**Provided material:**
☆ ☆ ☆ ☆ ☆ ☆ ☆

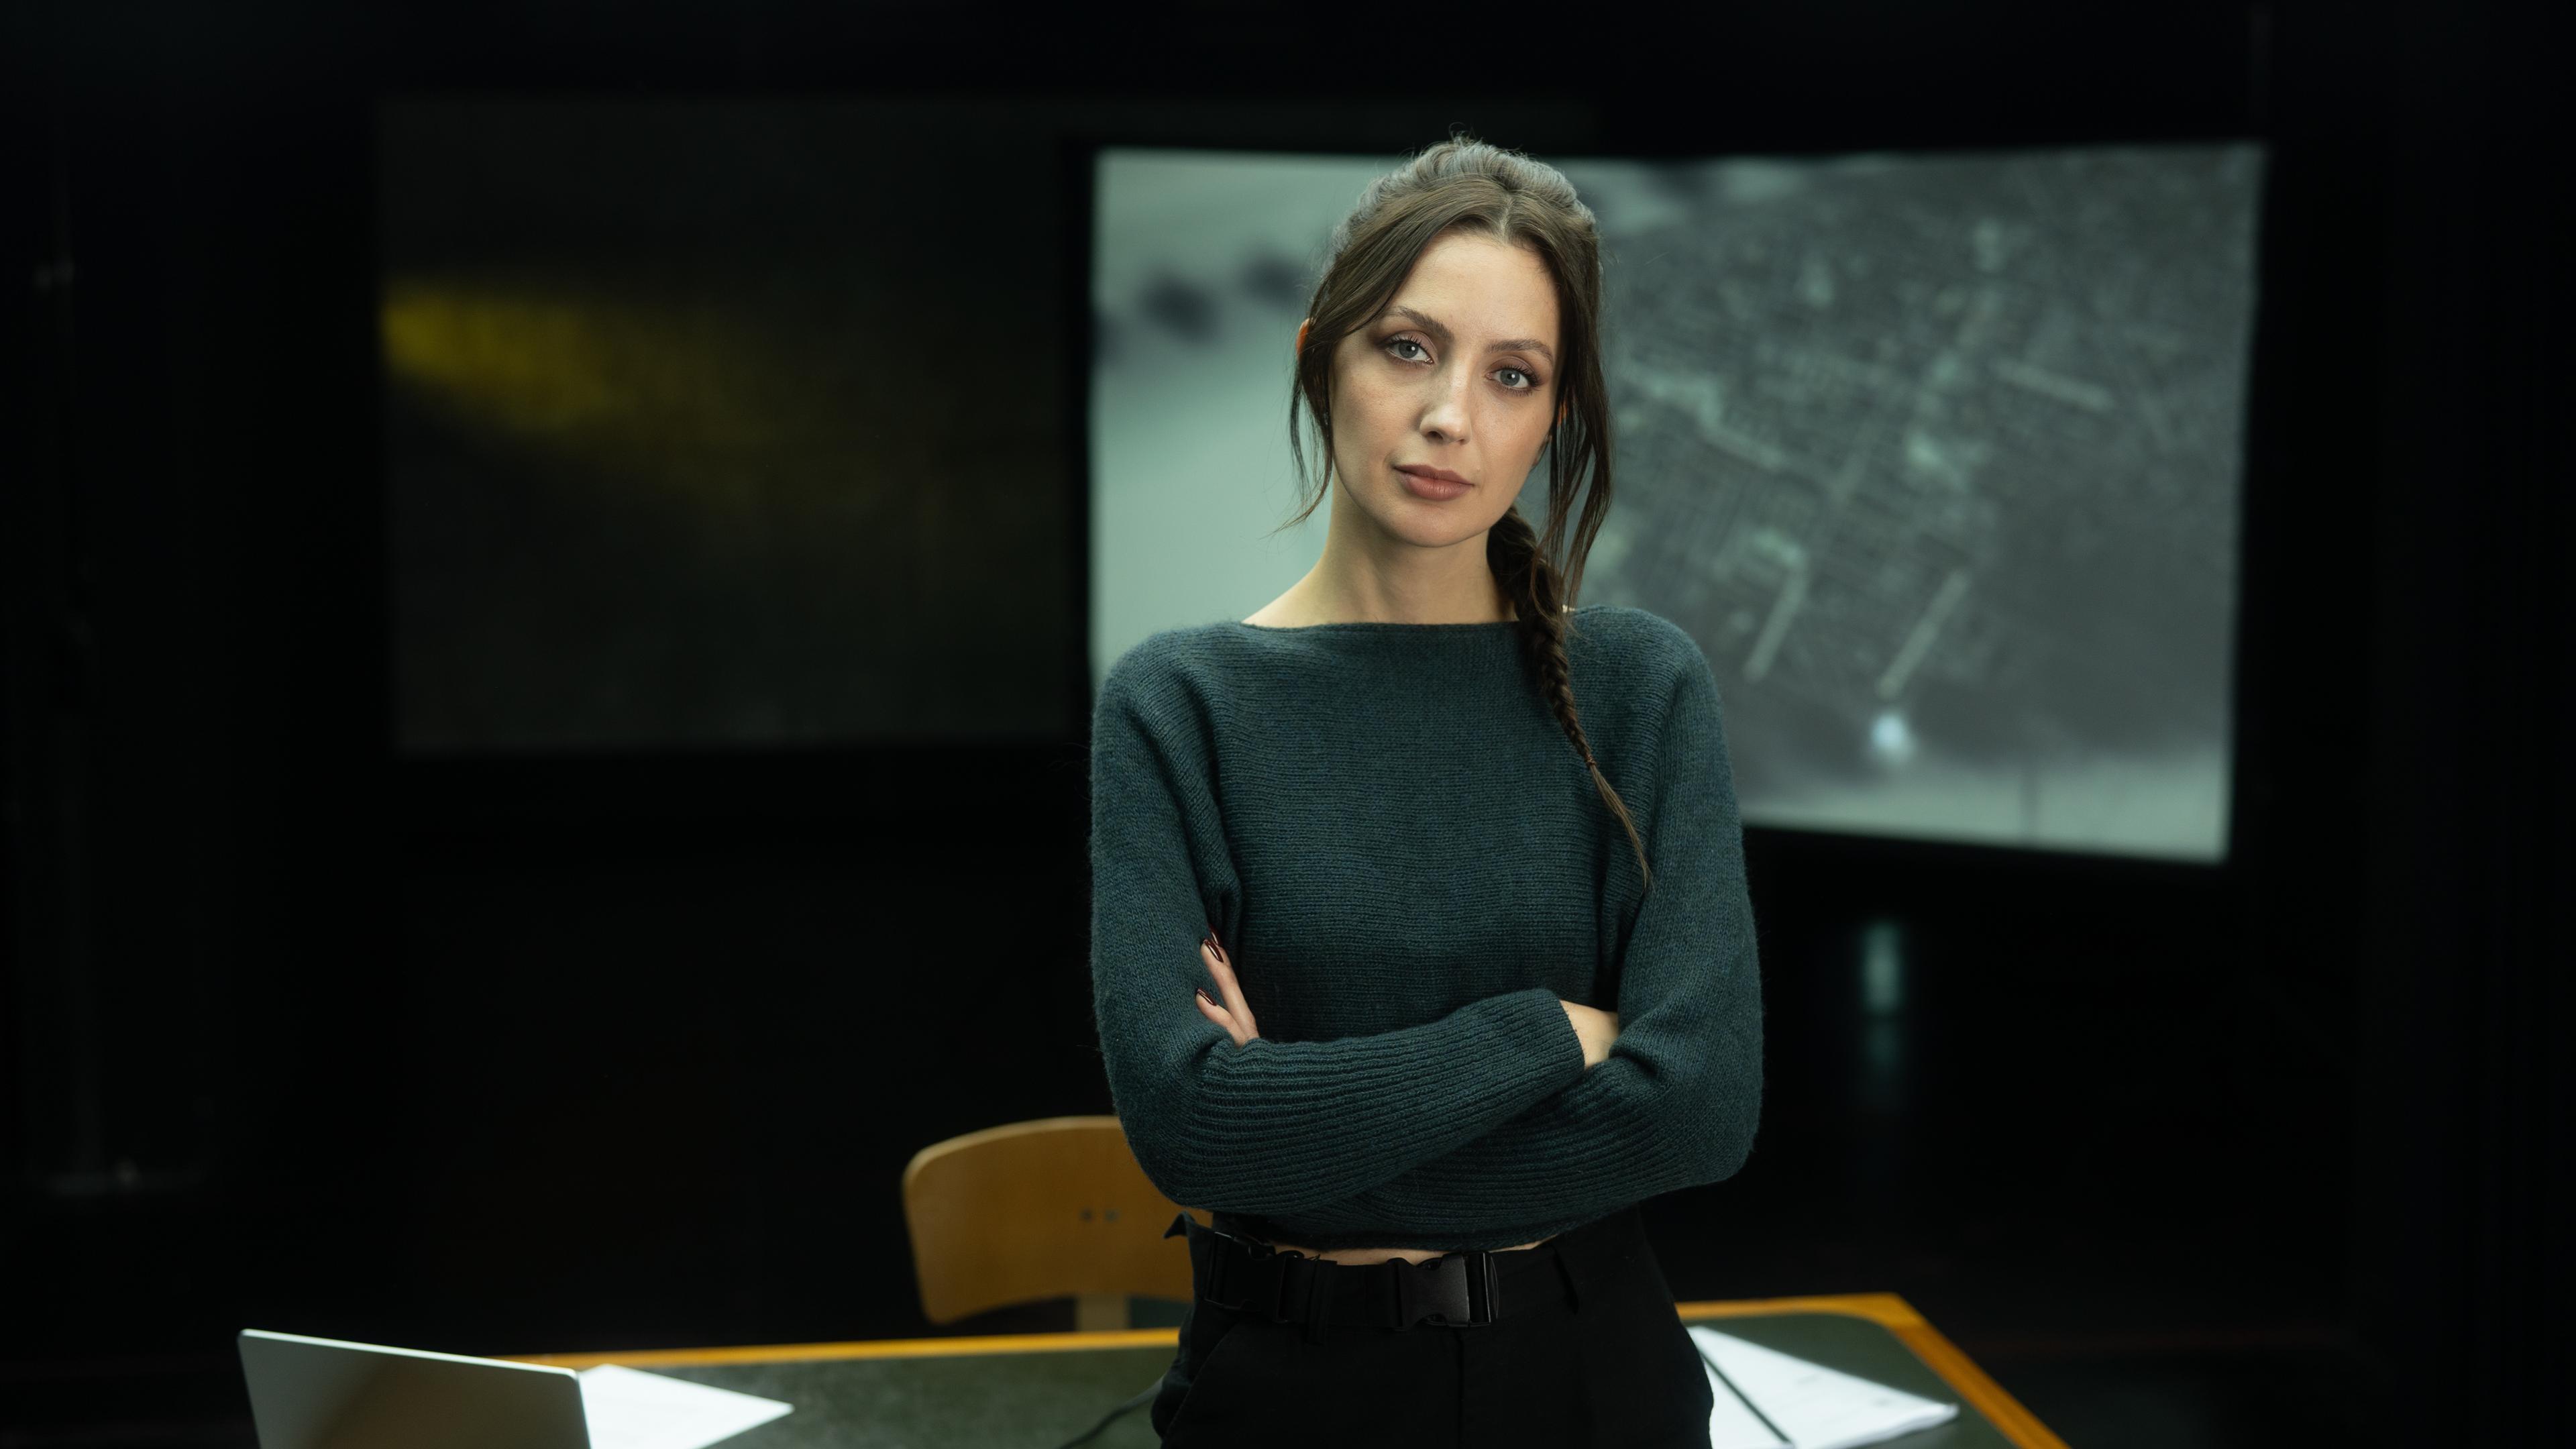  Paulina Krasa steht vor einem Schreibtisch in einem dunklen Studio.
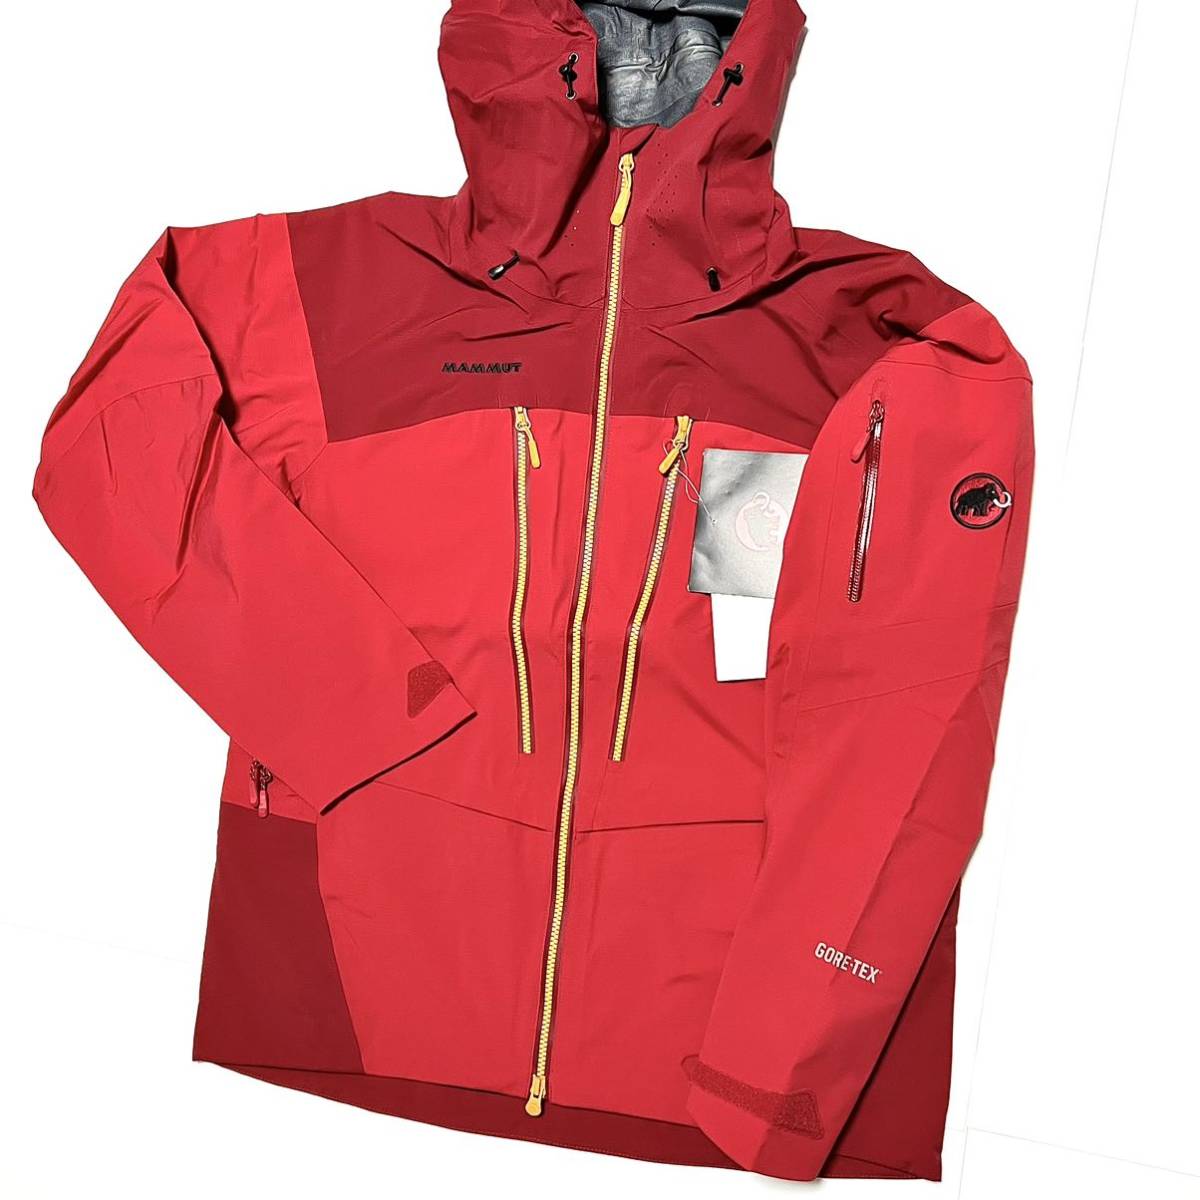 XL 新品 マムート 防水 ゴアテックス アイスフォール ジャケット 雪 GORETEX ハイキング スキー スノボー スノーボード ゴア GORE 登山 赤
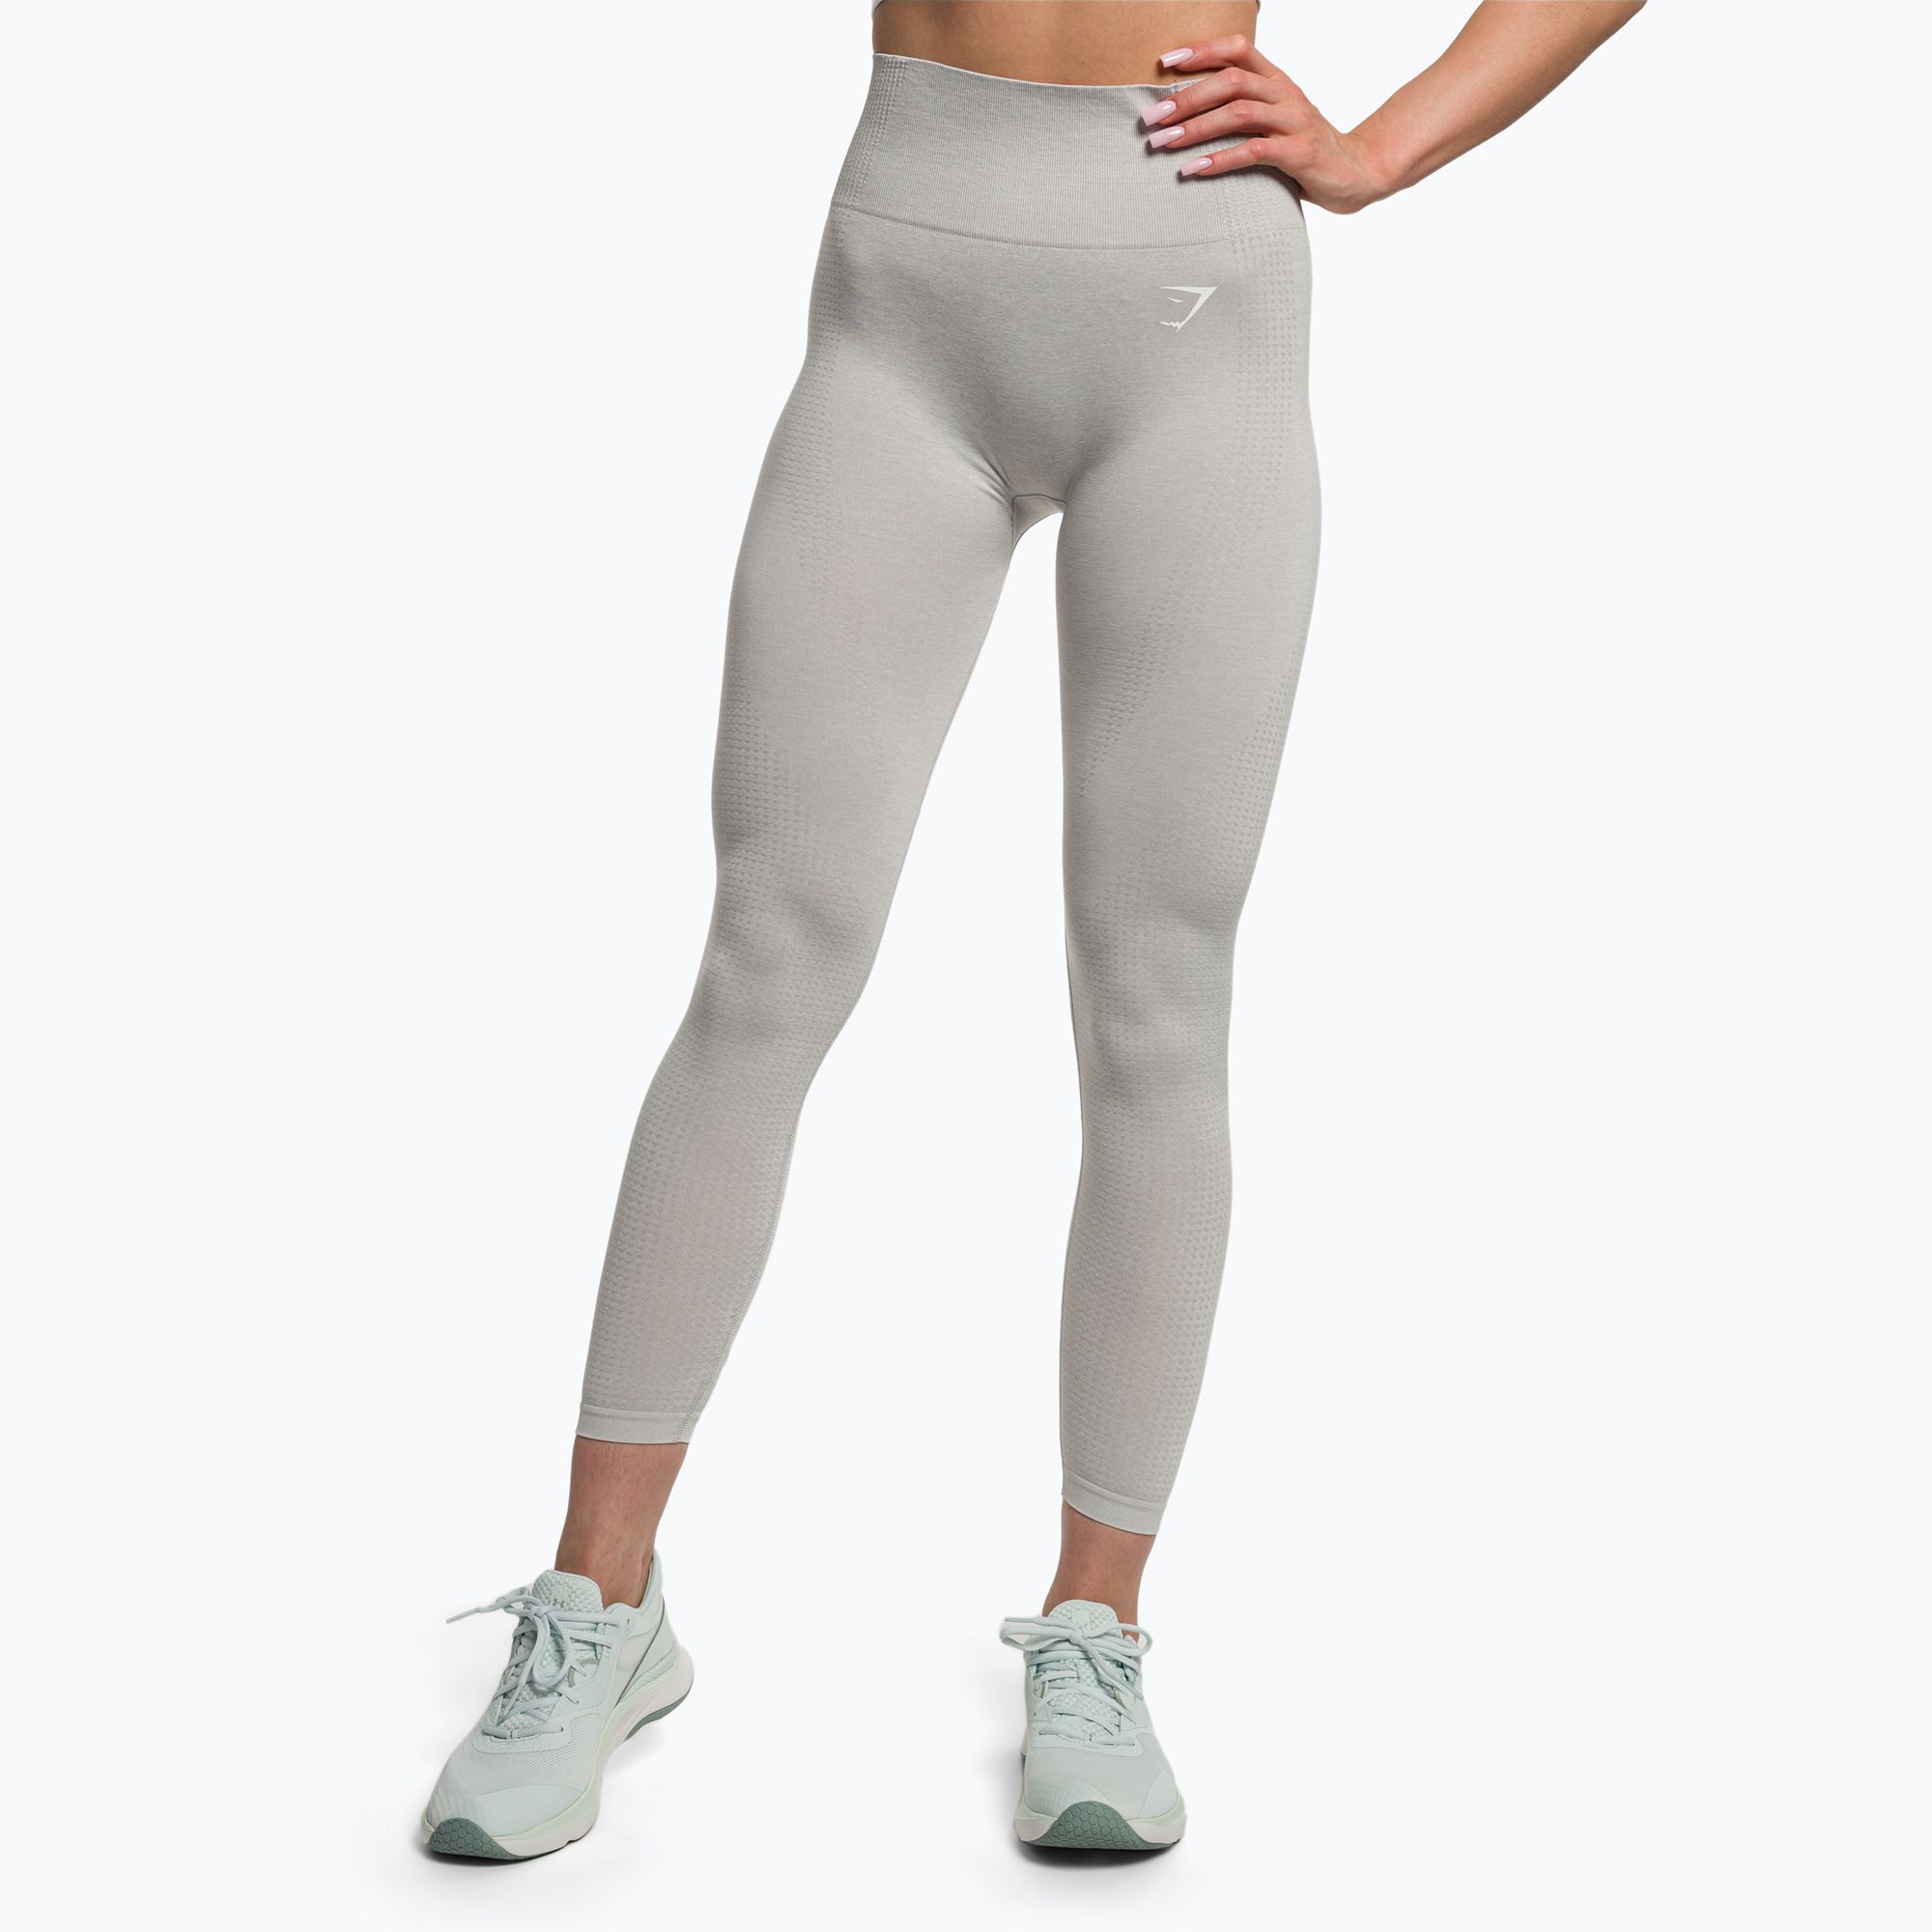 https://sportano.com/img/986c30c27a3d26a3ee16c136f92f4ff5/5/0/5057913274436_1-jpg/women-s-training-leggings-gymshark-vital-seamless-light-grey-marl-0.jpg

☆ ☆ ☆ ☆ ☆ ☆ ☆

**Exercise aim:** Extract the lines exactly, please: the first line of the listing, the line with "XL 新品 マムート 防水", and every line between them, but no pictures.

**Answer to the problem:**
  Paulina Krasa steht vor einem Schreibtisch in einem dunklen Studio.
 XL 新品 マムート 防水 ゴアテックス アイスフォール ジャケット 雪 GORETEX ハイキング スキー スノボー スノーボード ゴア GORE 登山 赤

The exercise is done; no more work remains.